评分: 3置信度: 42023-11-19

This paper studies out-of-distribution text classification from a single source domain. The main idea is to learn sparse mask layers that filter out spurious features while retaining invariant features. The masks are learned through the joint optimization of three loss terms: a cross-entropy loss for classification, a sparsity loss that enforces sparse masks, and a cosine-similarity loss that encourages the mask layers to extract label-specific features. The network is trained in a sequential manner from the top layer to the bottom layer. Theoretical analysis shows that given a set of causal and non-causal features. The empirical evaluation is done on binary and multi-class classification. Compared with a variety of language models including LLMs (few-shot in-context), the proposed method demonstrates superior performance on several datasets.

优点

The studied problem is important to real-world applications of language models.
The empirical results seem strong. A great variety of language models are compared with the proposed method on a number of datasets. The advantage of the proposed method is demonstrated clearly.
The paper is overall well written and easy to understand.

缺点

The connection between the theory and the actual problem being studied is somewhat weak. The theory assumes that all variables correlated with $Y$ are observed; however, this assumption may not hold in practice. For example, there may be an unobserved selection variable that introduces selection bias in the training domain by forming a collider with $Y$ and some non-causal variables $H_j$ . In this case, $p(y|h_i, h_j) = p(y|h_i)$ does not hold. Removing $H_j$ may incur a higher cross-entropy loss than removing $H_i$ .
The basic idea of the proposed method seems to be largely based on [1]. The main difference between the two methods, in my point of view, is the target to which the mask is applied (token embedding v.s. model weight). It is unclear whether there is any fundamental difference between these two approaches.
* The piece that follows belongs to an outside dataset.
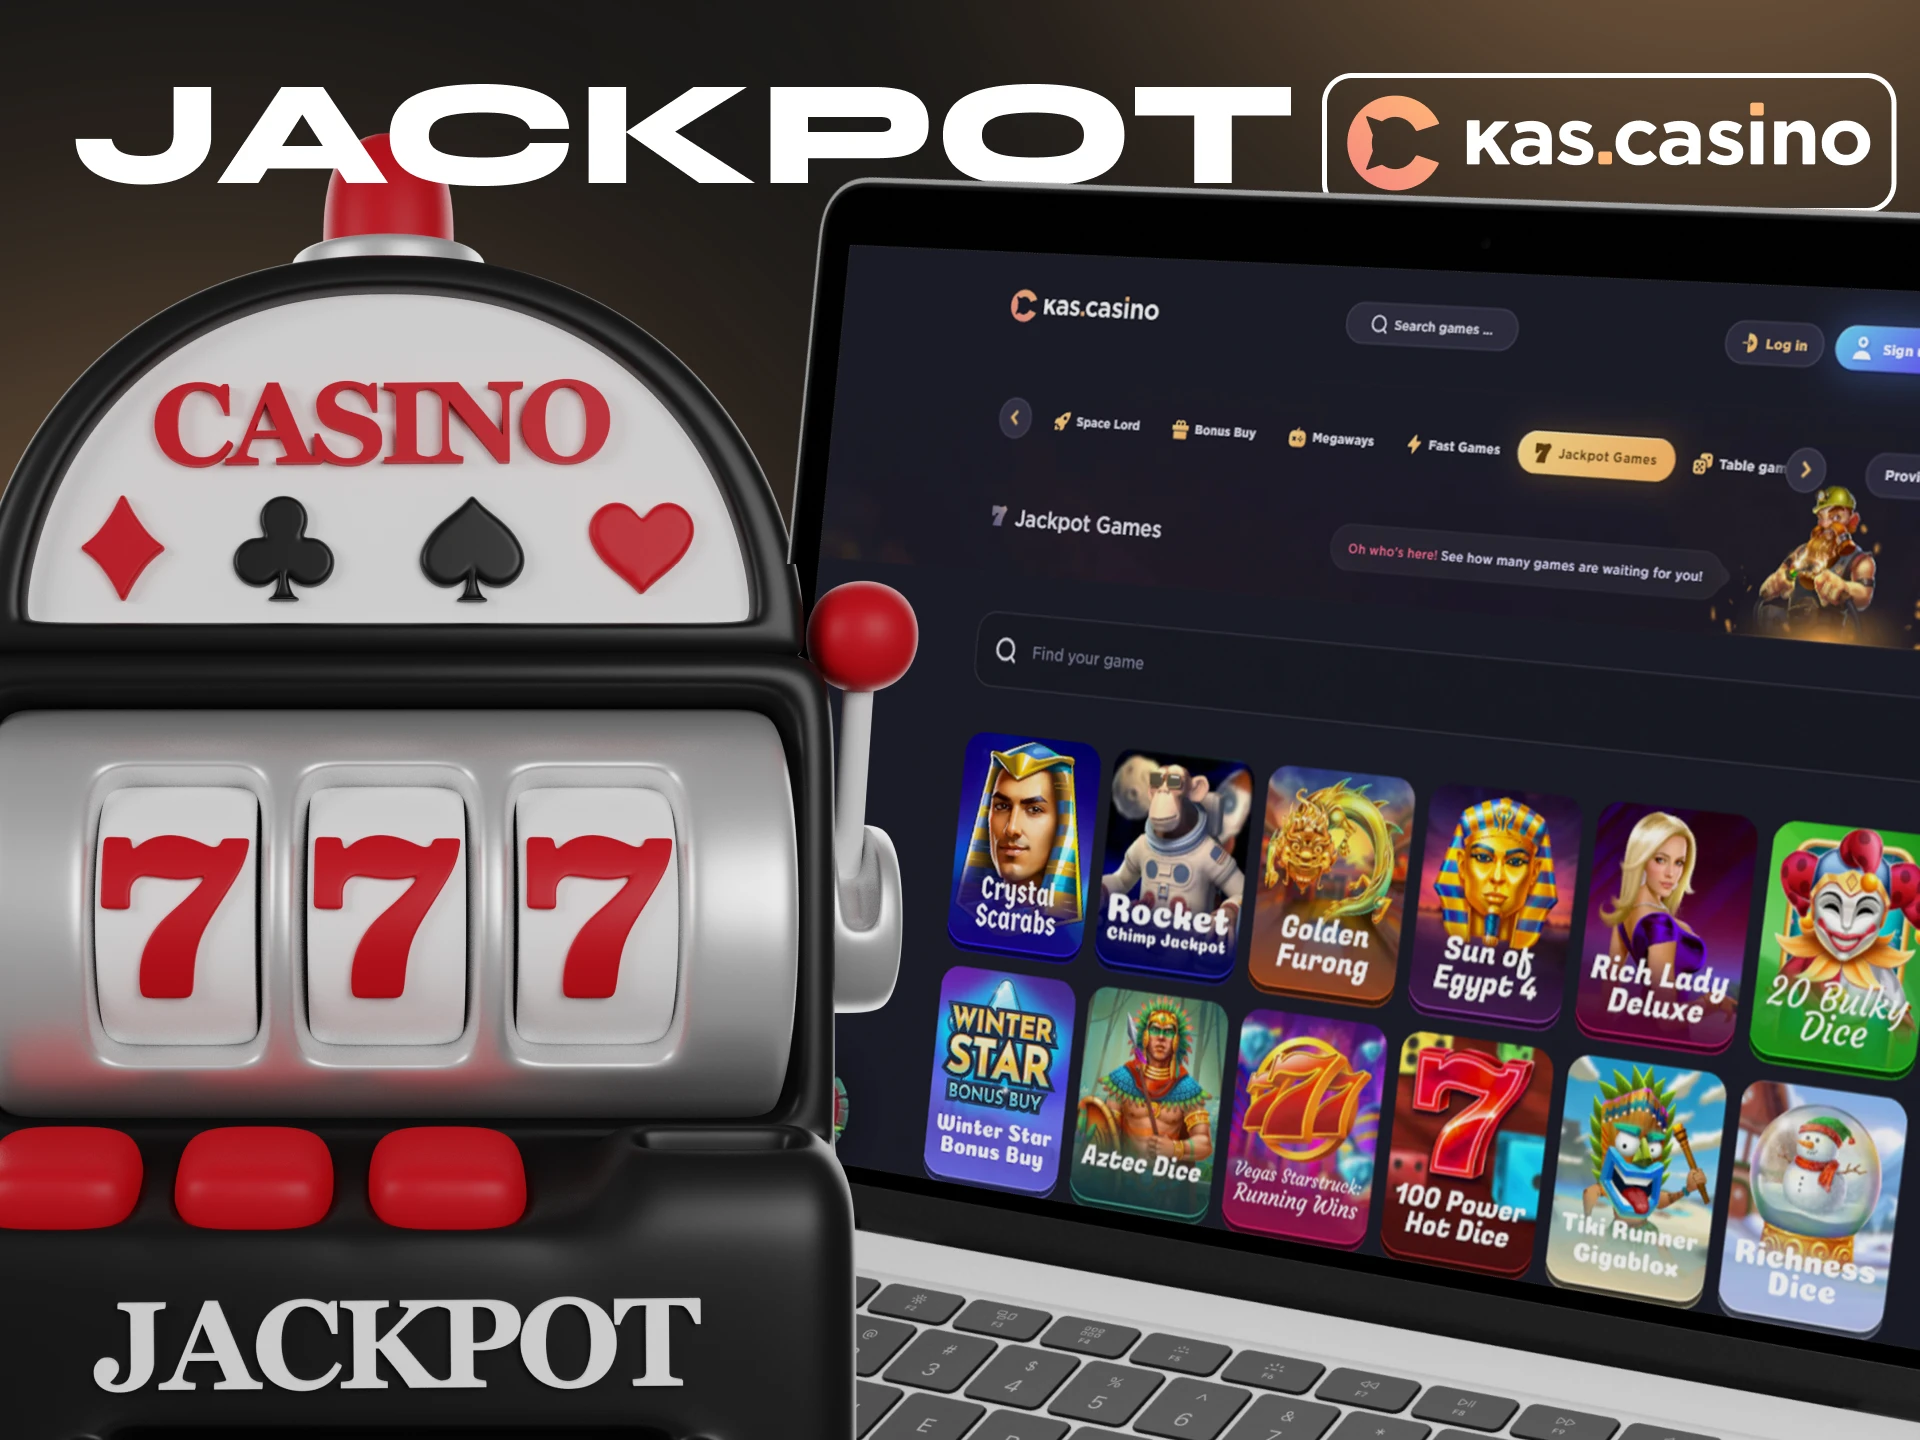 You can expect to win big in the jackpot games at Kas Casino.
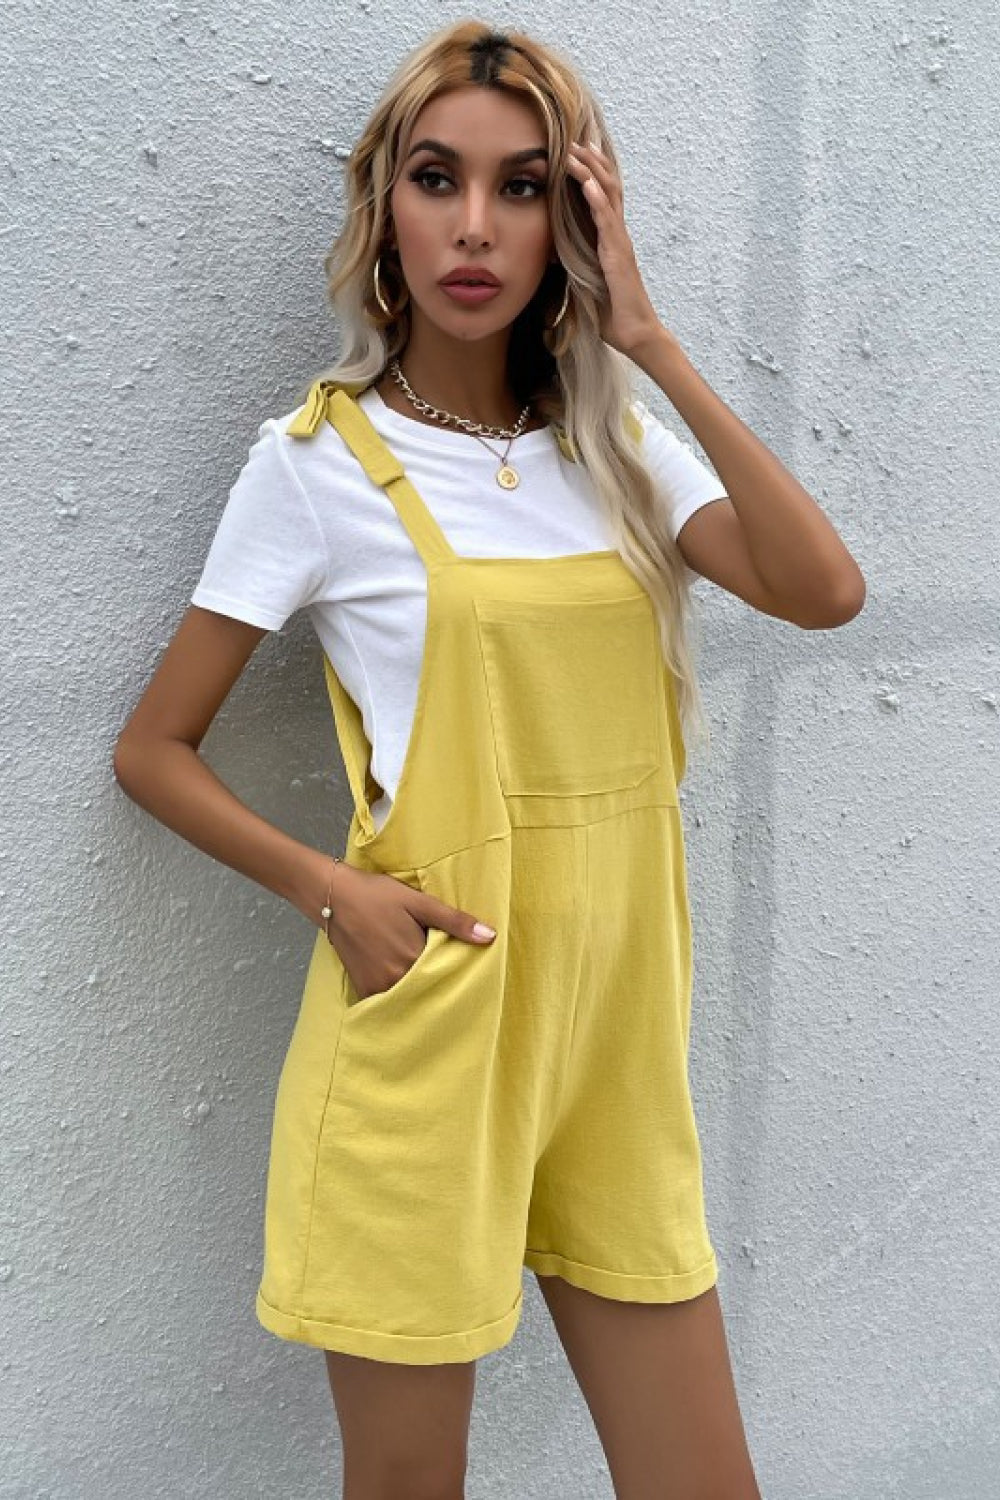 Tie Cuffed Short Overalls with Pockets - Women’s Clothing & Accessories - Overalls - 2 - 2024

[1] Zhang, Dinghuai, et al. "Can subnetwork structure be the key to out-of-distribution generalization?." International Conference on Machine Learning. PMLR, 2021.

问题

Does the result of the current theory hold if there is some unobserved selection variable between $Y$ and some non-causal variables?
Is there any fundamental difference between the proposed method and [1]? If so, what is it?
What are the causal graphs referred to on page 5 with "Fig. ??"?